- 3 ½ oz all-purpose flour
- 1 lb potatoes
- 1 egg
- 1 ¼ oz butter
- 2 oz grated Parmigiano Reggiano cheese
- salt to taste
Place potatoes in a pot and completely cover with cold salted water, stopping when the water is 1 inch in above the potatoes. Bring to a boil and simmer until tender (or when a knife entres easily), about 50 minutes.
Let cool until they can be handled. Peel and put them through a ricer or food mill.
Combine hot peeled potatoes with flour, egg and salt. Turn dough out onto a floured cutting board and cut into 3 portions.
Gently roll each portion into a long log about 3/4 inch thick. Cut each log into 3/4-inch pieces with a floured knife.
Press a piece of dough against tines of a floured fork, and push with a floured thumb in a forward motion toward end of tines, letting gnocchi fall from fork onto a floured kitchen towel. Repeat with remaining pieces of dough.

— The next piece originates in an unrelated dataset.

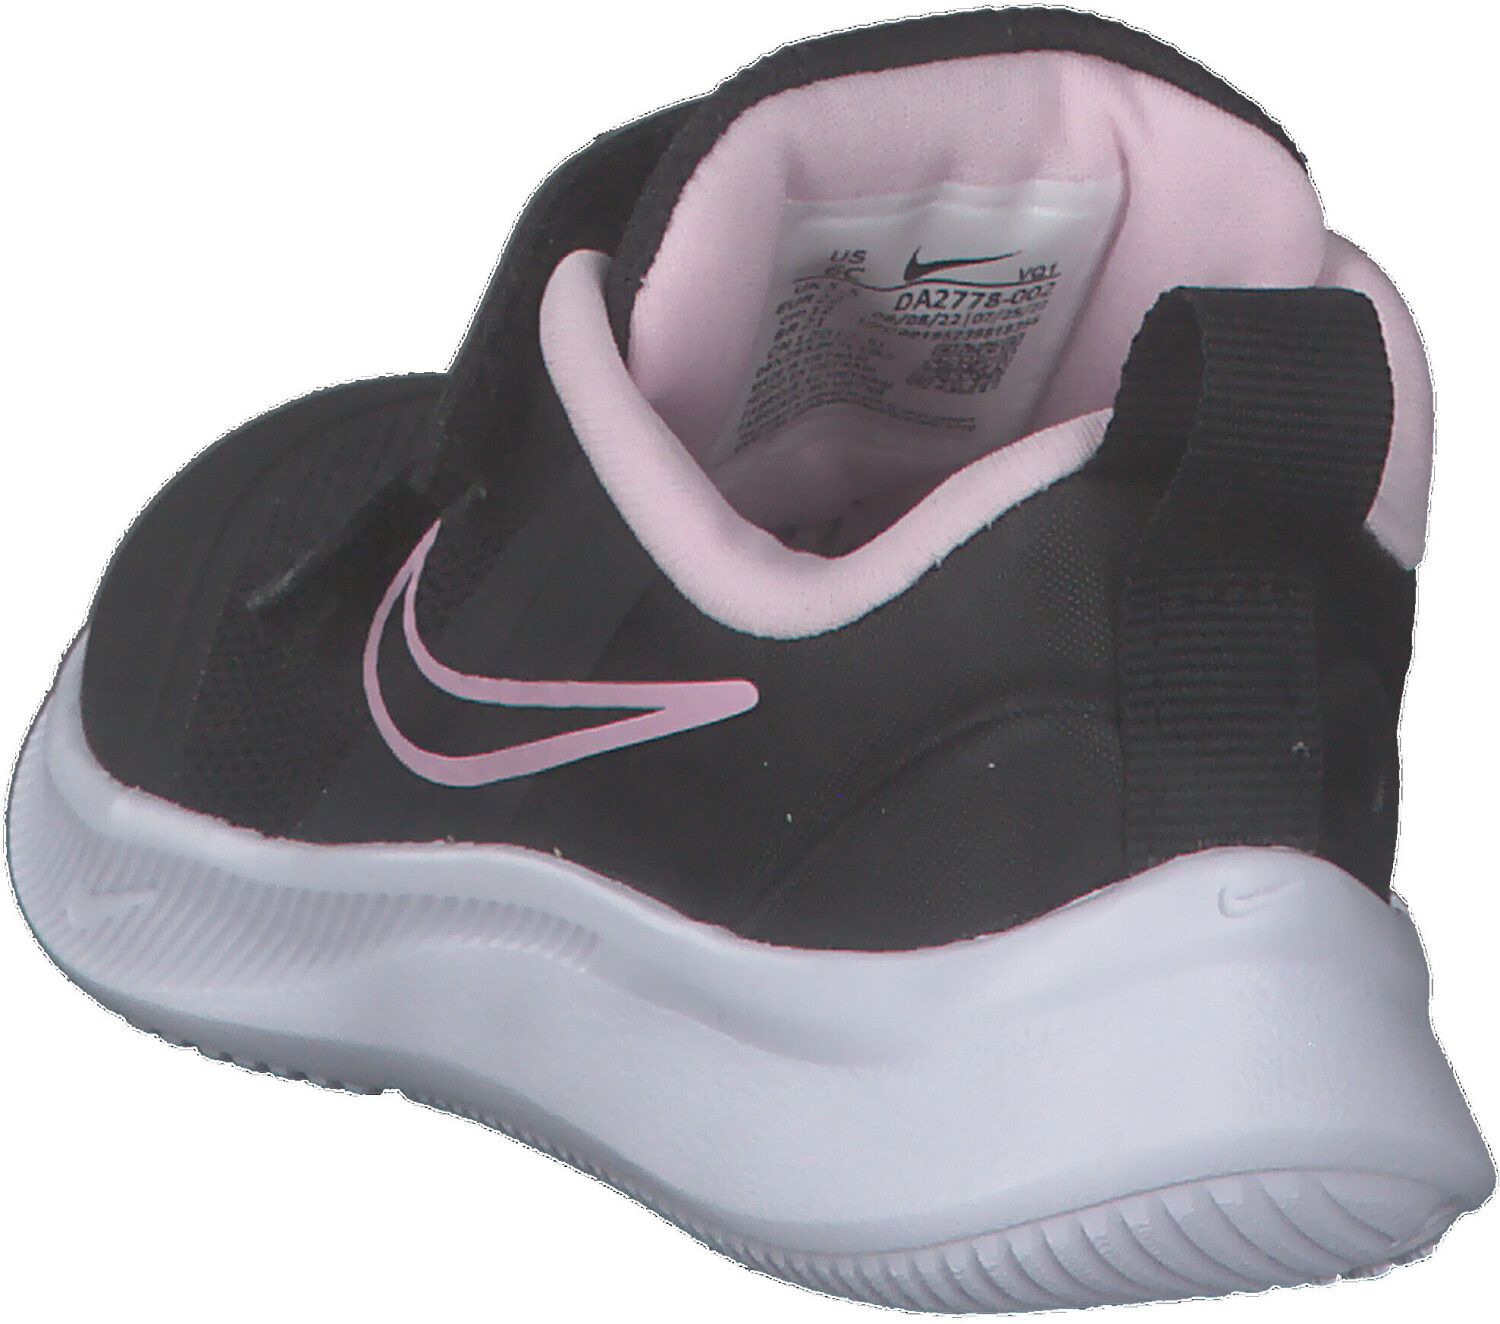 Nike Star Runner 3 (Baby) ab 17,30 foam | black/dark € grey/pink smoke bei Preisvergleich

The gnocchi should be cooked in salted water, well drained, then dressed with a generous helping of butter and Parmesan cheese.

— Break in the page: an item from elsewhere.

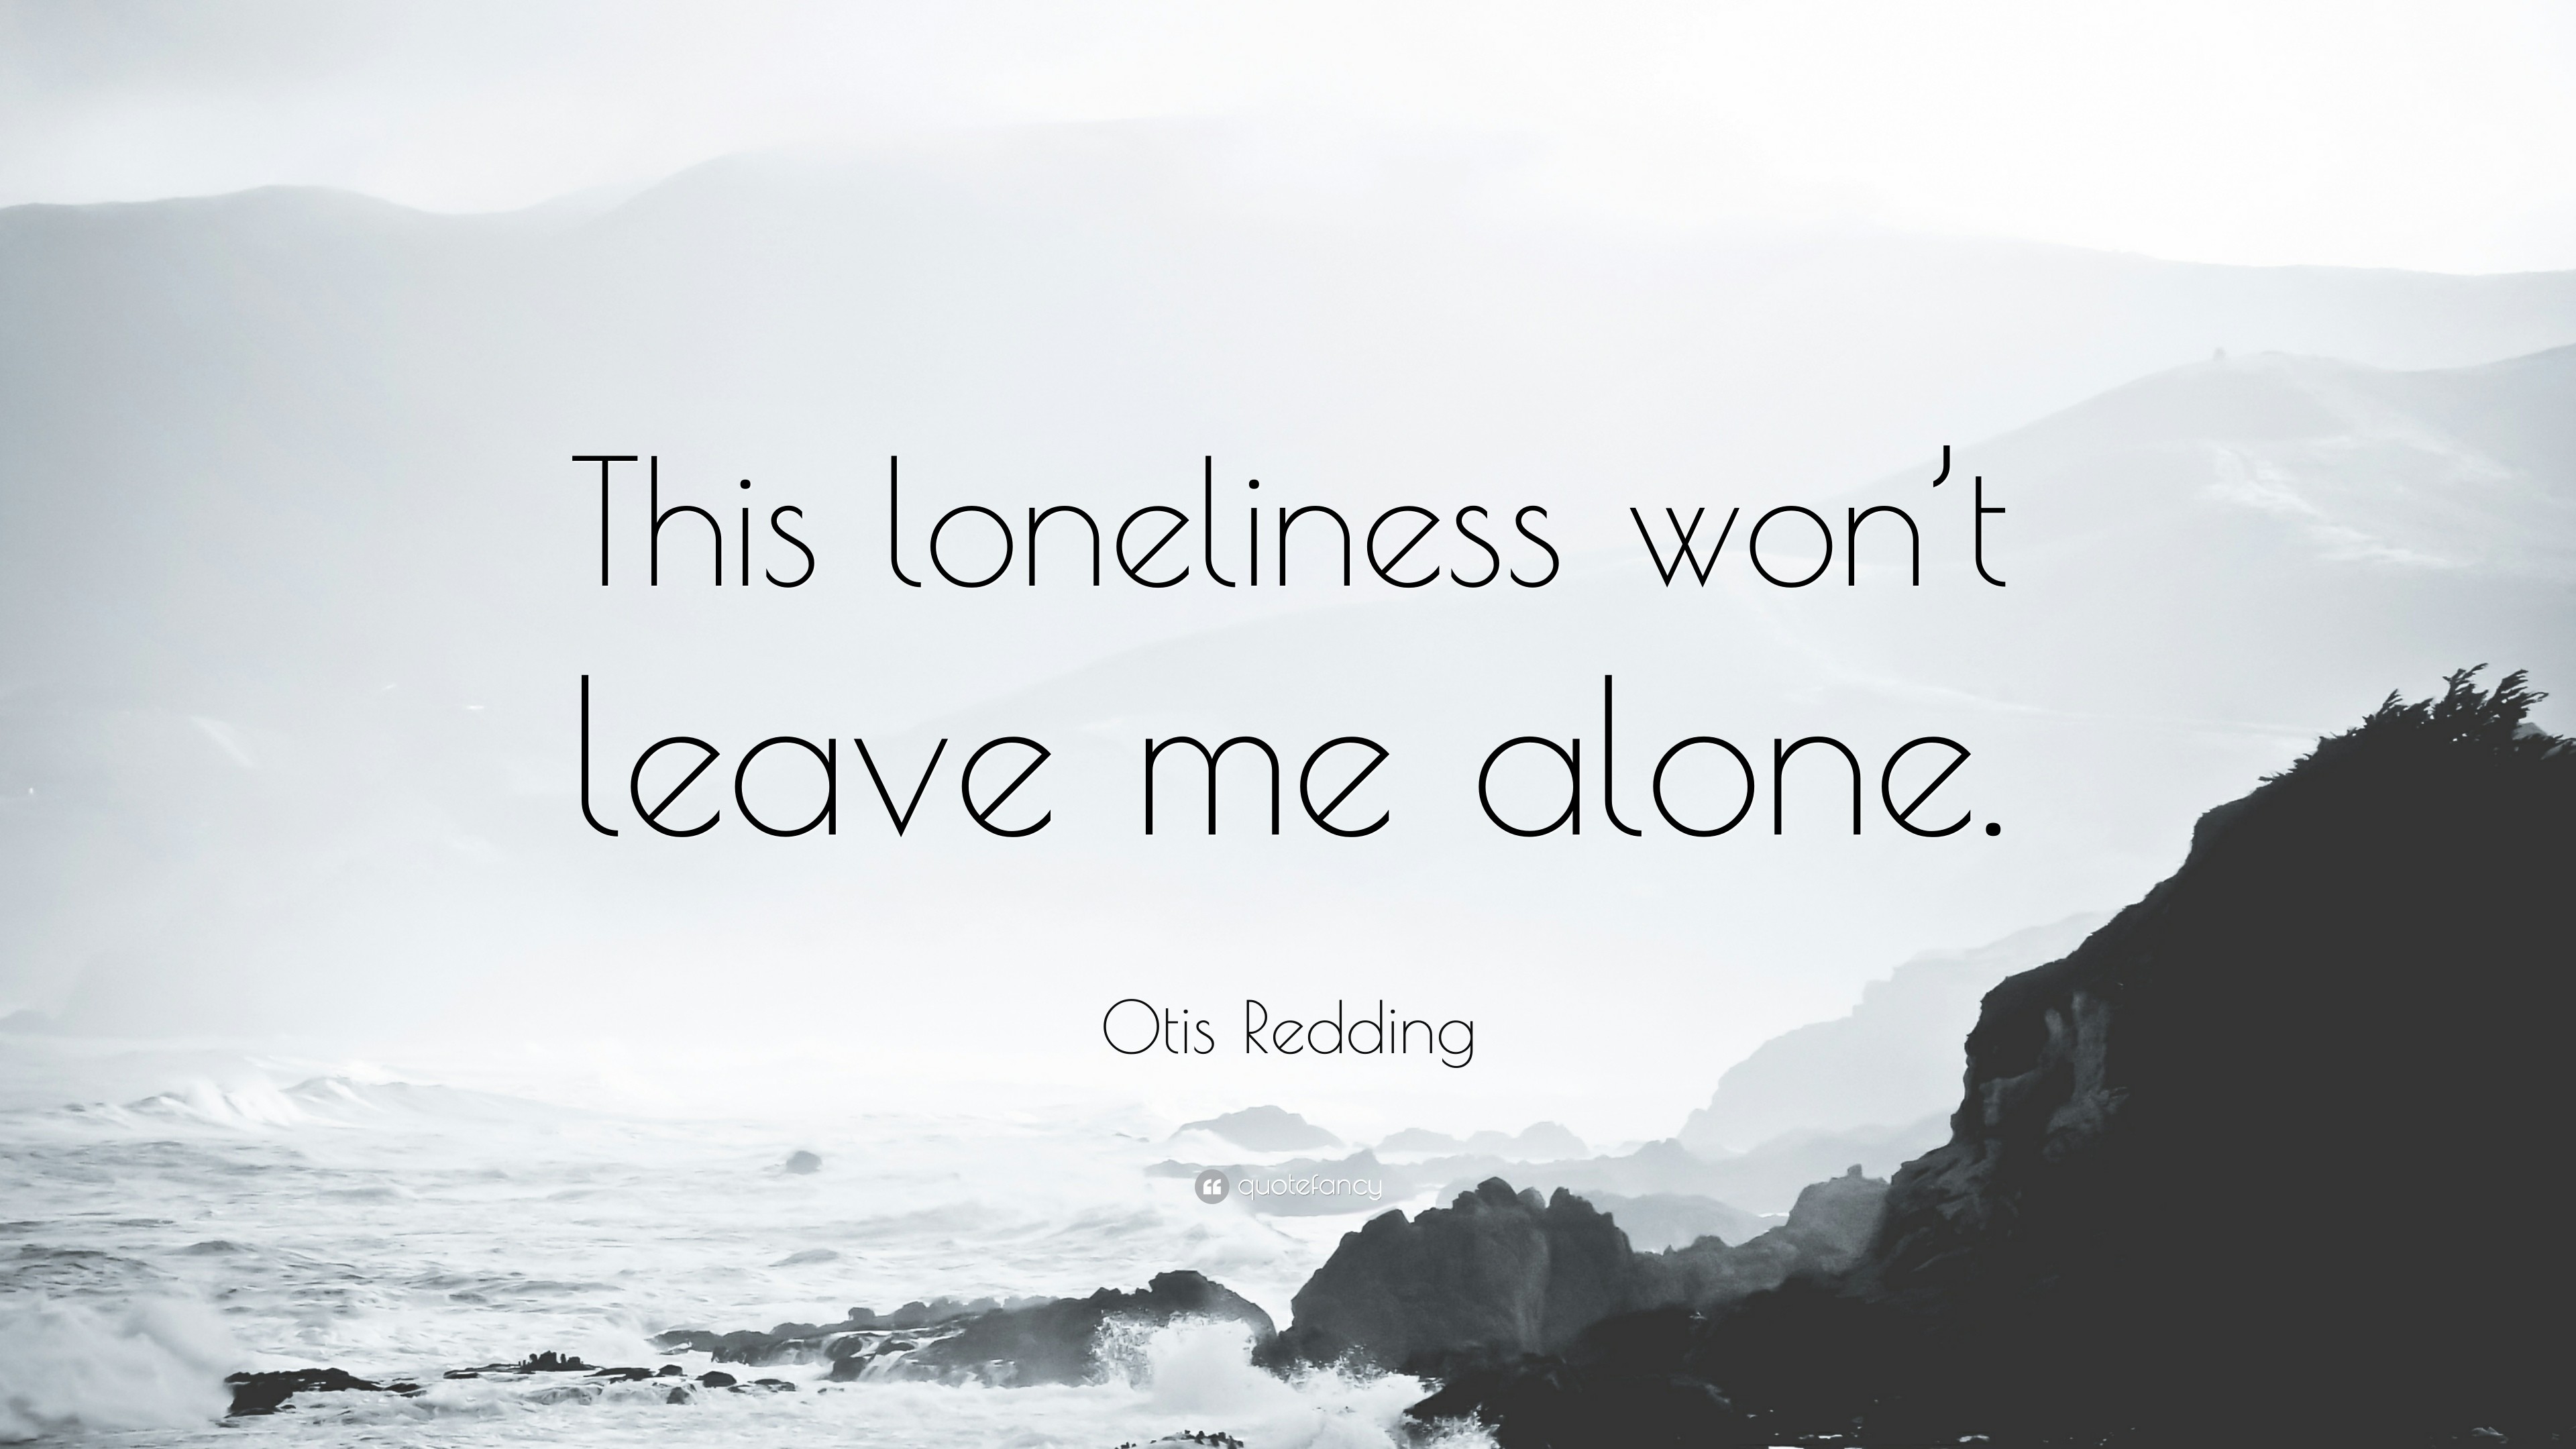 3840x2160 Otis Redding Quote: “This loneliness won't leave me alone.”

Add (to taste) tomato sauce or even better still, fresh cherry tomatoes browned in butter.
Hand-made potato gnocchi cook very quickly: they should be boiled in salted water and removed just as soon as they rise to the top of the pot.
Popular throughout the world, gnocchi, or potato dumplings, are simple and quick to prepare. Gnocchi not only have ancient origins, but are probably the oldest type of pasta made by man, originally formed by pushing the dough through small tubs and shaping them with your fingers. Although potato gnocchi are the most popular type of dumpling nowadays, they can be made with a variety of ingredients, including wheat, rice, vegetables of dried bread. In the past, gnocchi were actually made from a dough of bread, milk and almonds and were called zanzarelli.
And at the beginning of the modern age, a legend began to spread associating gnocchi with the city of Verona. In 1531, the city experienced a terrible famine due to both the invasion of the Landsknechts and a terrible flood. Hungry citizens stormed the main piazza and tried to attack the bakeries to get bread. Thanks to the actions of Tommaso Da Vico, they people of Verona were not successful. On the last Friday of Carnival, Da Vico distributed, at his expense, bread, butter, flour and cheese to the people so that they could make gnocchi. It seems that in his will, Da Vico asked for the tradition to continue. Every year during Carnival, Verona is host to a gnocchi festival.